Rat woman’s spy darted into the chamber a second before a warning flashed on Sarn’s map. Someone was coming, and it wasn’t the rat’s mistress.
“Come, we must go.” The blind man tugged on Sarn’s arm, and he heard what had spooked his guide—footsteps.
This chamber’s secrets would have to wait for another day. For now, Sarn followed the blind man around another bend toward more crystalline structures transporting magic to who knew where for who knew what purpose. The mystery begged to be solved, but Ran might be in danger.
“Take the left turnings, and you should find a staircase. From there you can ascend to the upper levels. Go quickly now.”
“Who are you and who approaches?”
Shaking his head, the blind man urged Sarn to go. His arthritic hands pushed Sarn’s shoulder trying to turn him. “No time, go. Don’t let the guards catch you. It’s your death if they do. This place is forbidden.”
A rat chittered at Sarn and pointed its paws at the exit. Of course, it was one of Rat Woman’s spies
“What is this place?”
“The heart of the mountain—now go!”
“Thank you for—” the ground shook cutting Sarn off.

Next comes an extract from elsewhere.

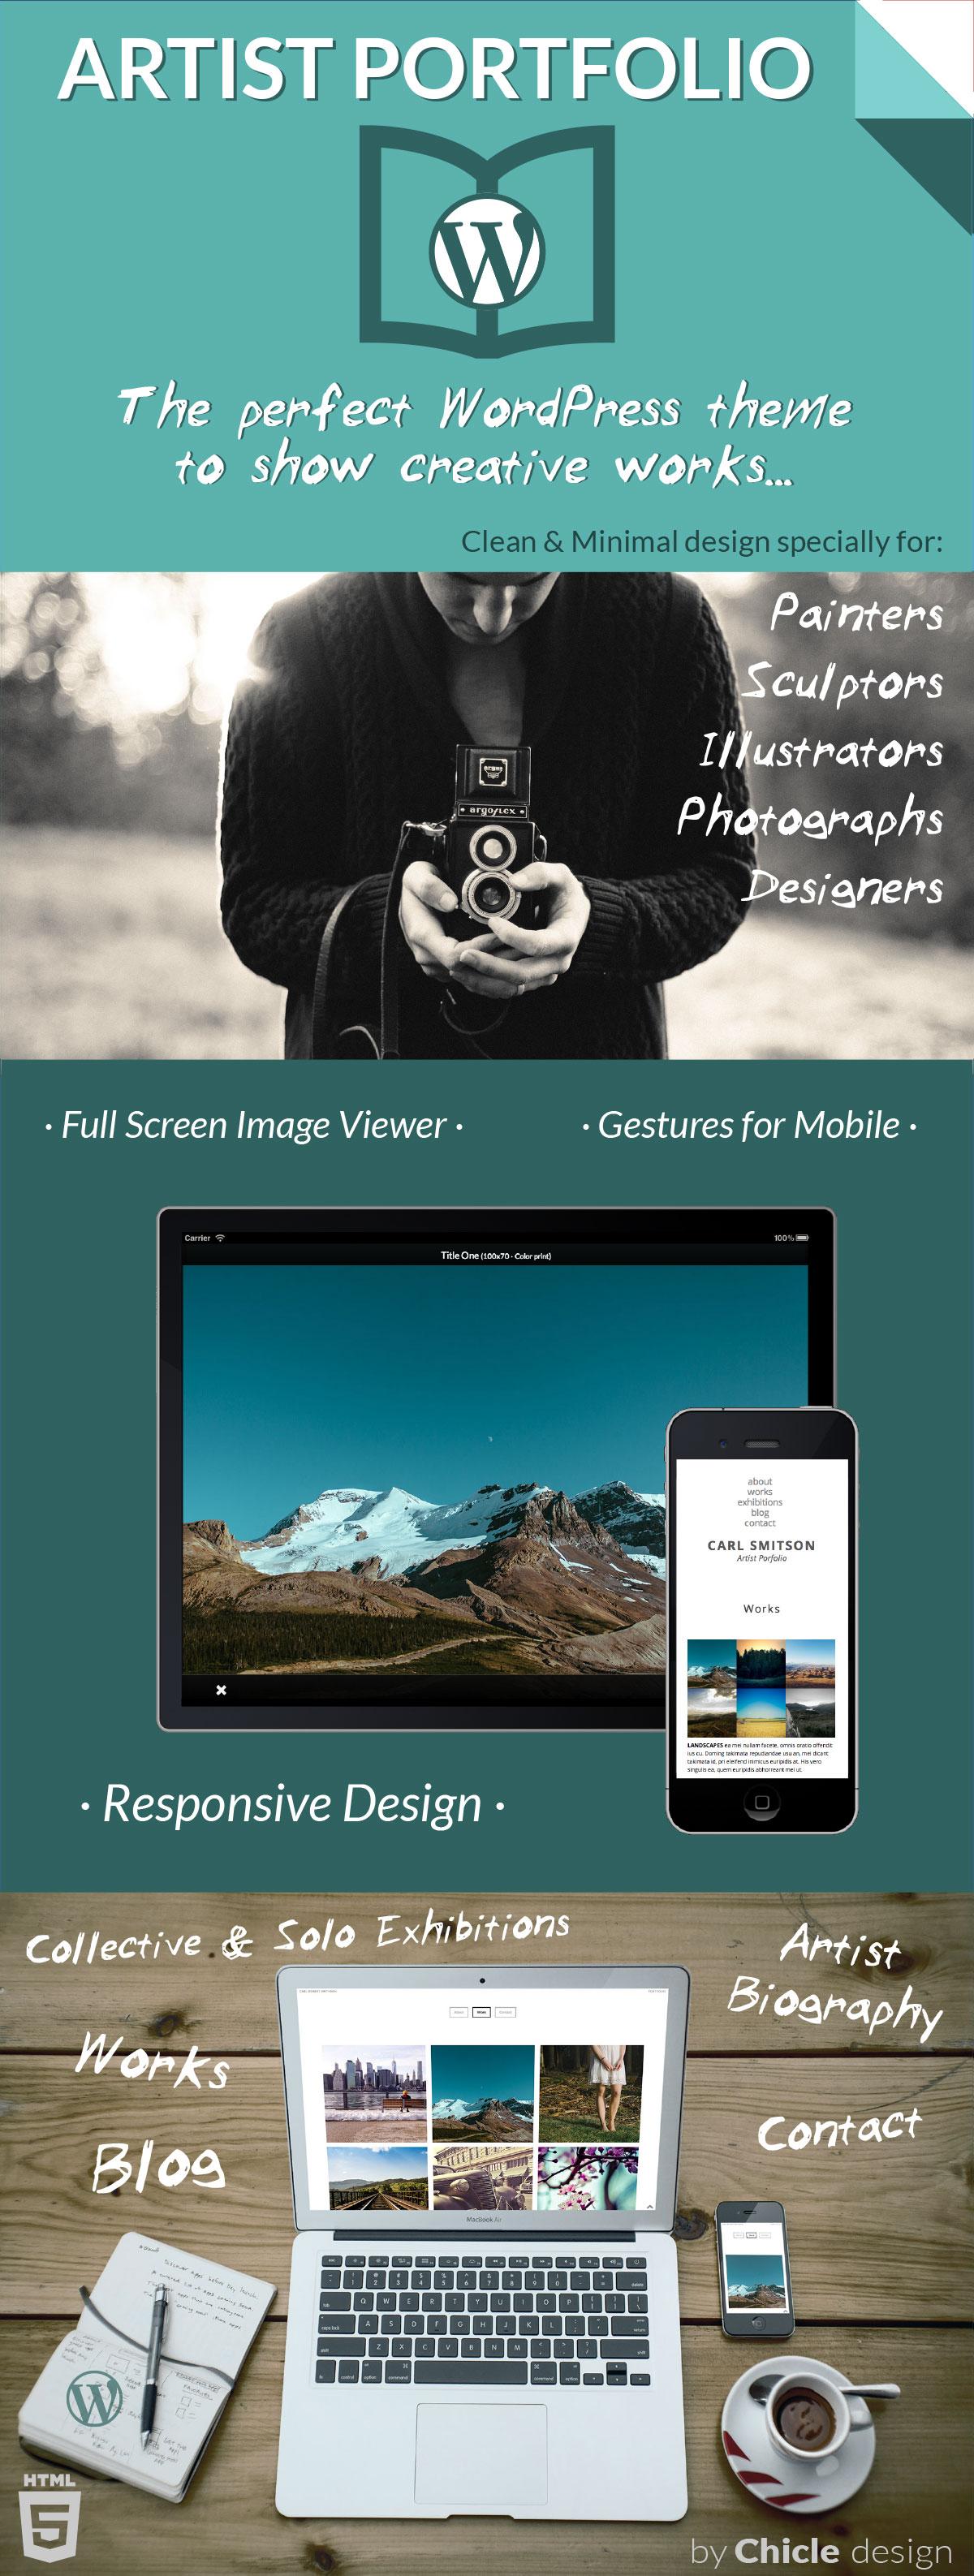 Artist_Portfolio-Features.jpg

Damn it, he still hadn’t found the cancer eating at Mount Eredren. Was the mountain about to deliver another ultimatum?
The ground trembled, but the floor attracted Sarn’s boots, allowing the rest of him to sway. He crashed into a stone wall jarring his son. Magic leaped to his defense too late to stop the rock from tearing his tunic and scratching his skin. Blood welled, and a drop splashed onto the stone under his feet.